Efficient Change Control Practices
The third dimension SOX may be considering is how the organization controls change in their environment, as well as products like software generated. If the IT staff is in charge of managing organizational and development changes, they should adhere to developed policies and processes. All changes should be thoroughly and transparently recorded. This could even imply that multiple signoffs are required before changes to the environment are implemented. To get a clean audit, the organization must be able to substantiate every change with the relevant paperwork.
Cyber Security Resiliency
Security implies being able to demonstrate security procedures that prevent data breaches, stop data leaks, and mitigate cyber threats. In general, this will involve vendor risk management, continuous security monitoring, and attack surface control.
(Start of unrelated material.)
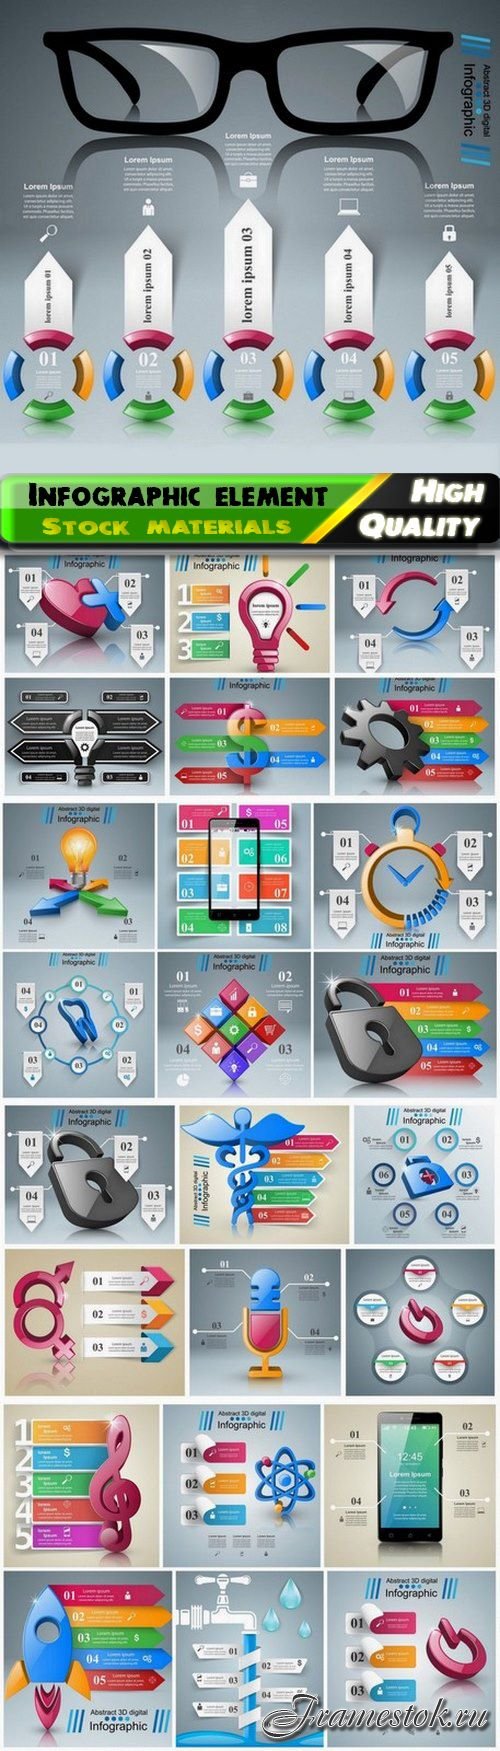 Business company infographic element with diagram - 25 Eps

With that said, when it comes to audits, the verification of actions conducted against organizational policies is critical. These policies should control infrastructure standards as well as IT personnel responsibilities. The auditors might ultimately hold the organization accountable for any violations of these policies.
Conclusion
Once you’ve created a solid SOX compliance checklist to assist and direct your efforts towards sound regulatory compliance, you’ll discover that a robust internal control environment lowers the danger of internal tampering with financial statements. This, in turn, boosts public trust in your company due to its good financial reporting. Excellent oversight enhances corporate governance overall and lowers the likelihood of ever being submitted to litigation for failing to comply with SOX.